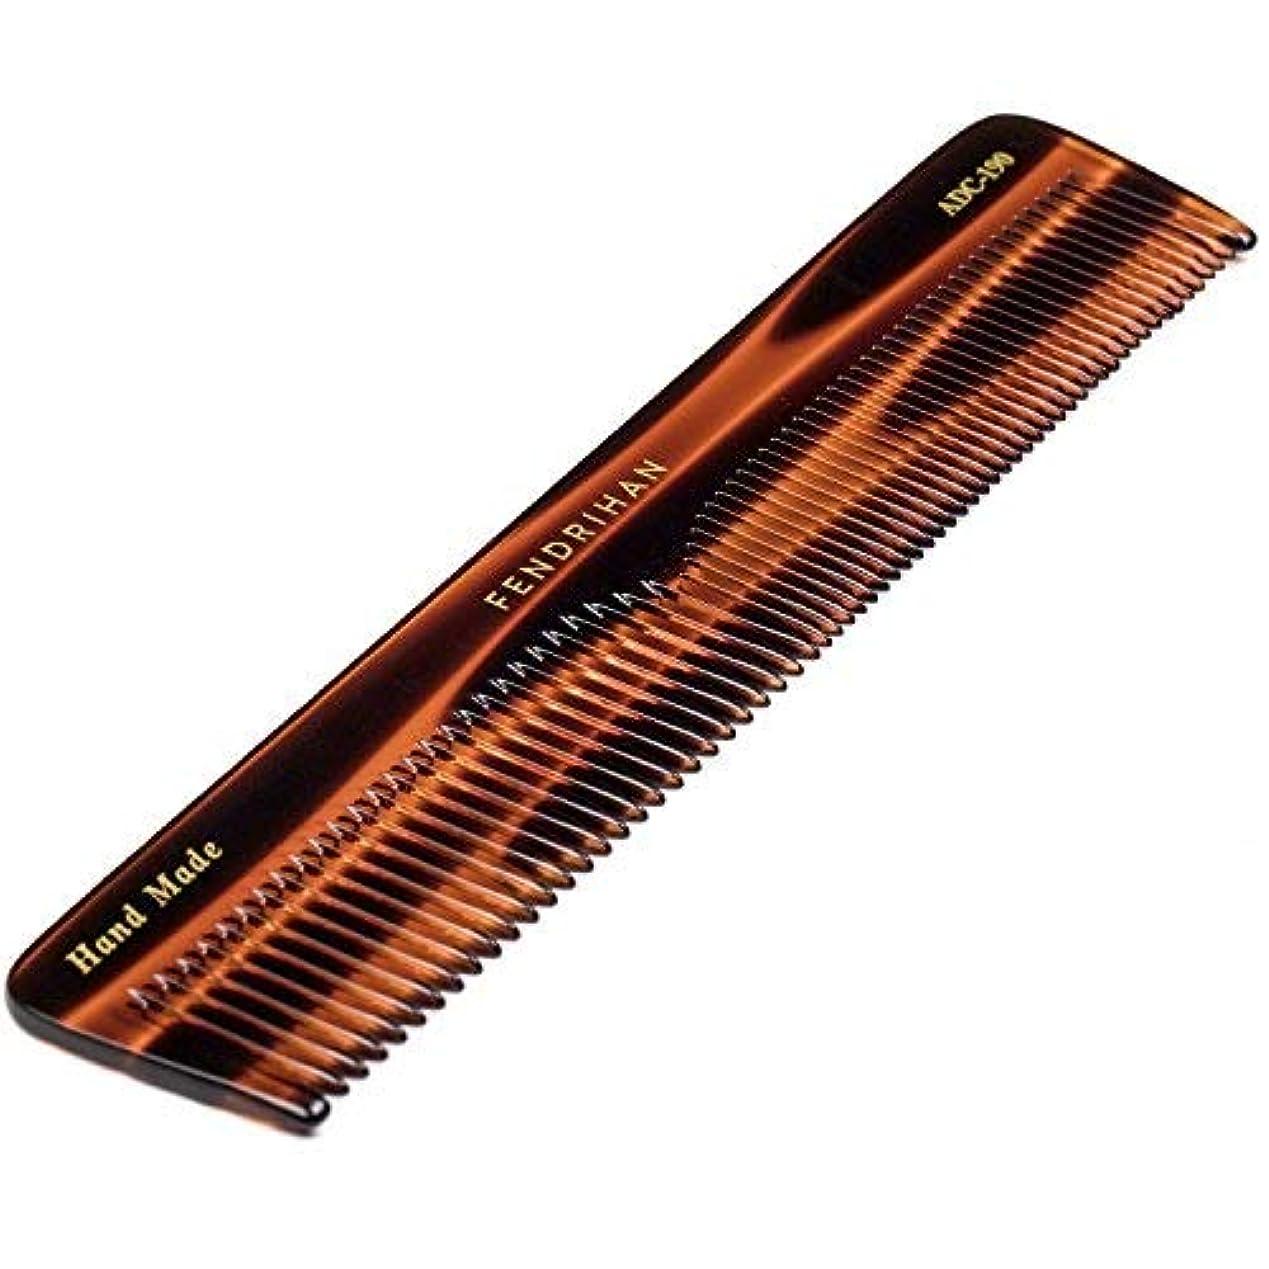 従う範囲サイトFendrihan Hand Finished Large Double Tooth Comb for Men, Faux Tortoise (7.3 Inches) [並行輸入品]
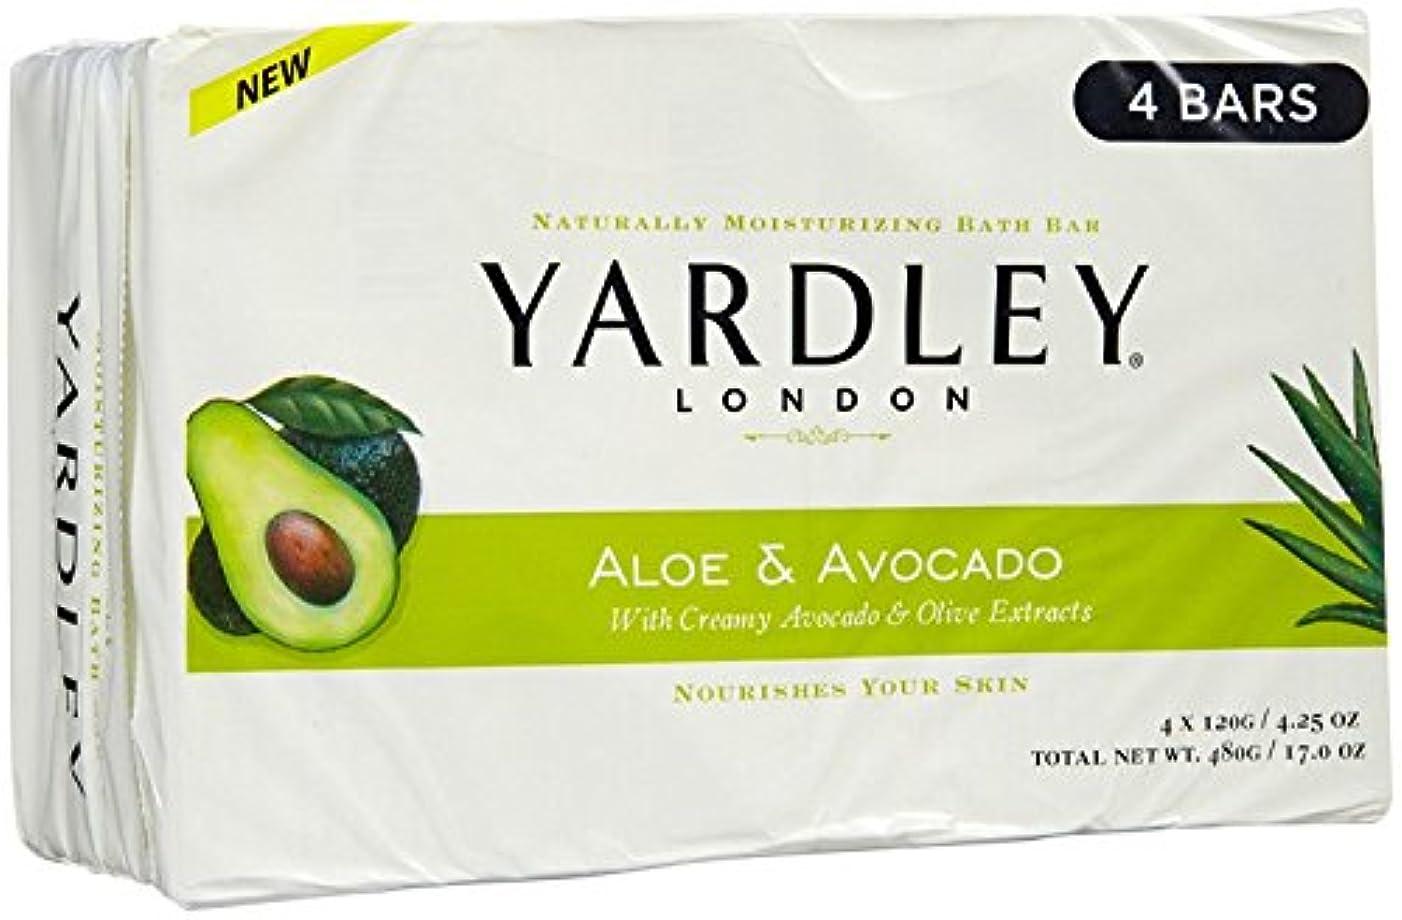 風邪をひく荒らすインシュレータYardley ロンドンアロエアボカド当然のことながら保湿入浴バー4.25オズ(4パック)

---

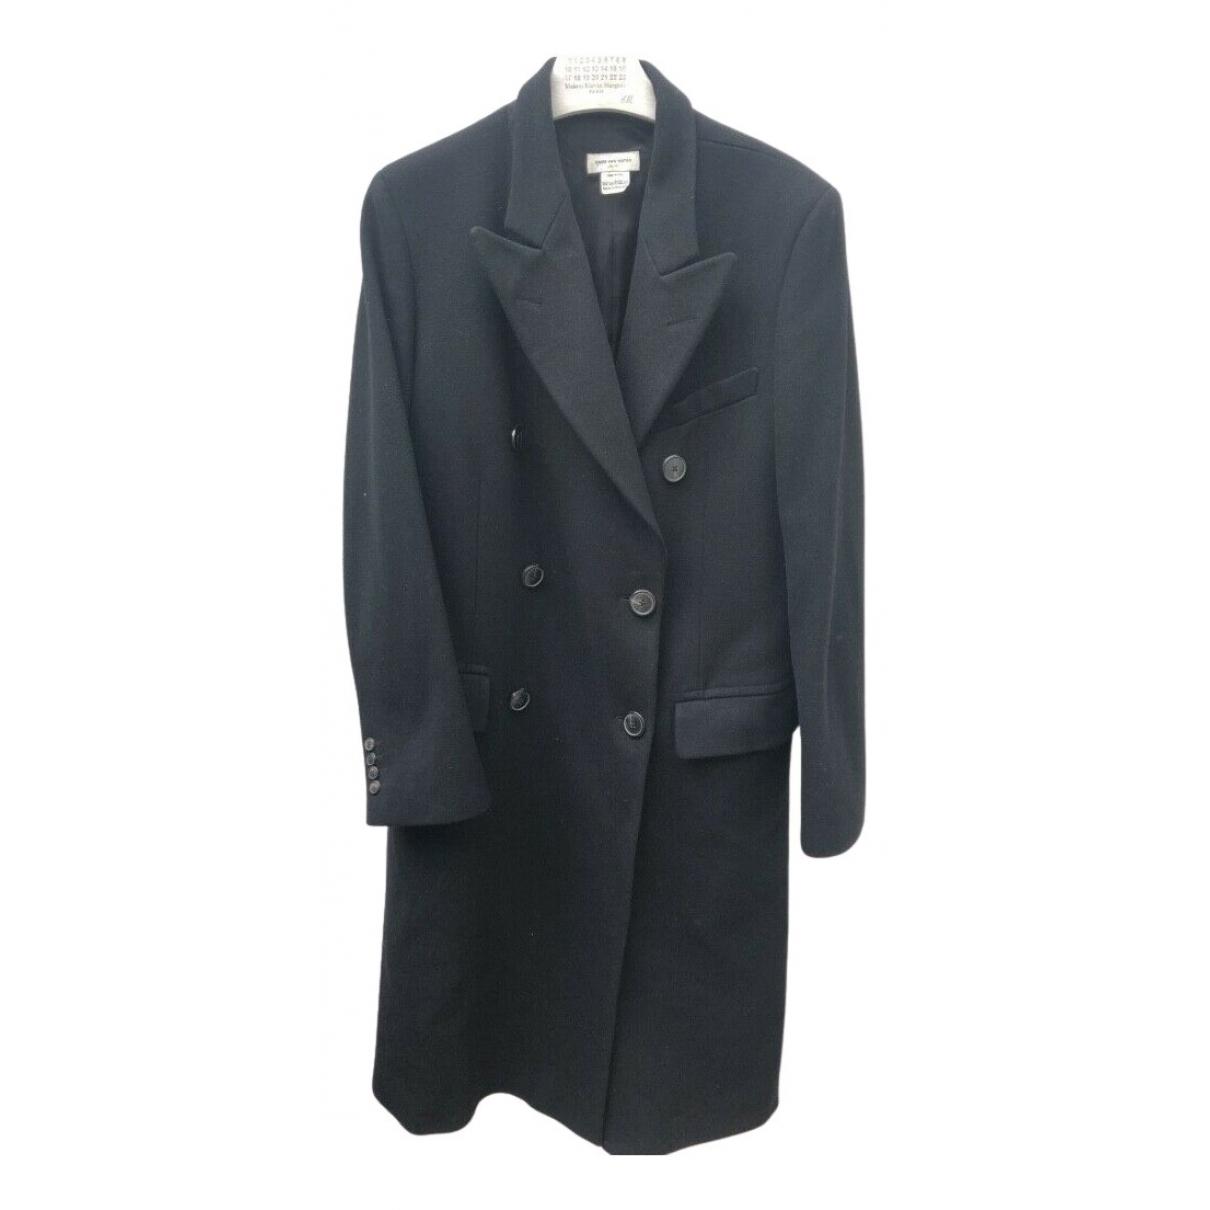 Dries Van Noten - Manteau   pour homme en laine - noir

WHAT YOU NEED TO DO: In the listing above, find the line with "従う範囲サイトFendrihan Hand Finished" and the line with "風邪をひく荒らすインシュレー". Copy exactly those two and every line between, without the pictures.

ANSWER FOR THIS EXERCISE:
 従う範囲サイトFendrihan Hand Finished Large Double Tooth Comb for Men, Faux Tortoise (7.3 Inches) [並行輸入品]
 風邪をひく荒らすインシュレータYardley ロンドンアロエアボカド当然のことながら保湿入浴バー4.25オズ(4パック)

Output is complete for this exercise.